Not sure exactly how I will determine.  When I searched for some information on whether it was a jotul or not the metal plate where all information would've been was too faded to read.


----------



## transmogrifire (Dec 29, 2014)

begreen said:


> View attachment 148894


ok now i want that one....


----------



## mass_burner (Dec 29, 2014)

How about a pic of the front. Does it have baffles inside?


----------



## begreen (Dec 29, 2014)

The F118CB has ribbed sides and a black bear in a circle in the middle.




Woodenlegs23 said:


> Not sure exactly how I will determine.  When I searched for some information on whether it was a jotul or not the metal plate where all information would've been was too faded to read.


If the top front plate over the door is blank and doesn't have the Norwegian text it's a knockoff.


----------



## transmogrifire (Dec 29, 2014)

begreen said:


> The F118CB has ribbed sides and a black bear in a circle in the middle.


Thats probably the one that i will end up with. The city prohibits the install of used stoves in houses. You can however put a used one in the garage. The insurance company is fine provided it is WETT inspected.


----------



## AnalogKid (Dec 29, 2014)

Here's a front pic of my old school 118.  I have a side pic, but not on my phone.


----------



## Woodenlegs23 (Dec 29, 2014)

Looks like it might be a knockoff then?   No writing.


----------



## begreen (Dec 29, 2014)

Yes, probably a Scandia from Taiwan.


----------



## mass_burner (Dec 29, 2014)

begreen said:


> The F118CB has ribbed sides and a black bear in a circle in the middle.
> View attachment 148898
> 
> 
> If the top front plate over the door is blank and doesn't have the Norwegian text it's a knockoff.


Is the base of the 118 the same size as a 102?


----------



## begreen (Dec 29, 2014)

Do you mean the F602? The F118 is longer by about 6 or 8".


----------



## mass_burner (Dec 29, 2014)

begreen said:


> Do you mean the F602? The F118 is longer by about 6 or 8".


Oh, thanks, I thought it looked longer.


----------



## Woodenlegs23 (Dec 30, 2014)

begreen said:


> Yes, probably a Scandia from Taiwan.



  Yeah so I found the "Taiwan" imprint on the back of the stove.  Must be a scandia.  Not sure if I am going to keep or not but do you have any suggestions for cleaning it up?  Like I said it has a good deal of surface rust on it but am hoping to either clean it up with some CLR and a light brush or maybe paint it with some stove paint?  What would you suggest?


----------



## mass_burner (Dec 30, 2014)

Woodenlegs23 said:


> Yeah so I found the "Taiwan" imprint on the back of the stove.  Must be a scandia.  Not sure if I am going to keep or not but do you have any suggestions for cleaning it up?  Like I said it has a good deal of surface rust on it but am hoping to either clean it up with some CLR and a light brush or maybe paint it with some stove paint?  What would you suggest?

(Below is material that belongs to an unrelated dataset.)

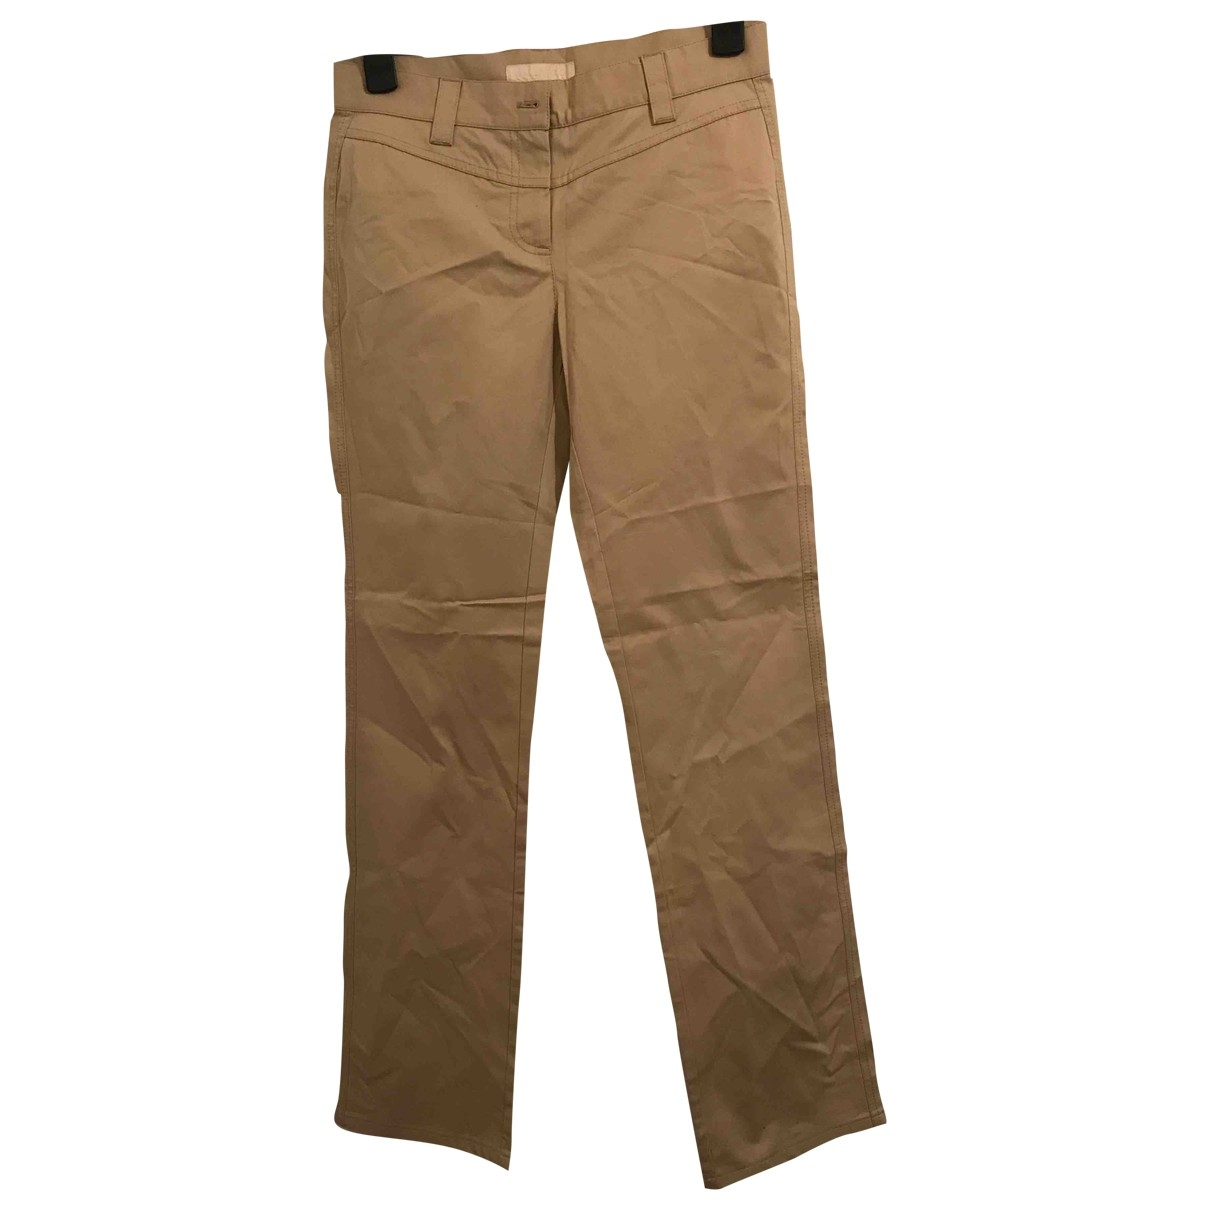 Valentino Garavani \N Beige Cotton Trousers for Women 8 US

If you're not going to keep it, why bother?  Lug it to the back yard and burn all that stuff you don't want to bring in the house and do some cooking on top at the same time, dutch oven with some hearty soup.


----------



## Woodenlegs23 (Dec 30, 2014)

mass_burner said:


> If you're not going to keep it, why bother?  Lug it to the back yard and burn all that stuff you don't want to bring in the house and do some cooking on top at the same time, dutch oven with some hearty soup.



  I like the idea haha   But I still might end up using the stove or selling it.  I think I want to just buy a Jotul, but I am not sure yet.  Let me know if you have any suggestions for cleaning it up.
Thanks.


----------



## mass_burner (Dec 30, 2014)

Woodenlegs23 said:


> I like the idea haha   But I still might end up using the stove or selling it.  I think I want to just buy a Jotul, but I am not sure yet.  Let me know if you have any suggestions for cleaning it up.
> Thanks.


Well, I bought my 602 after it had been stored for many years in a barn. I just went at it with a drill and brass cup wire brush and assorted wheel brushes till I got clean metal, then clean with solvent, then paint with stovebright paint, 2 coats.


----------



## begreen (Dec 31, 2014)

By this point there is a good chance the seams are leaking. In a darkened room, put a bright light in the stove and look for light leaks at the seams. If so the stove at least rub some stove cement on the interior vertical seams. Wire brush the stove down and then wipe with a solvent like alcohol or acetone. Spray or brush paint with a good stove paint like Stove Brite metallic black.


----------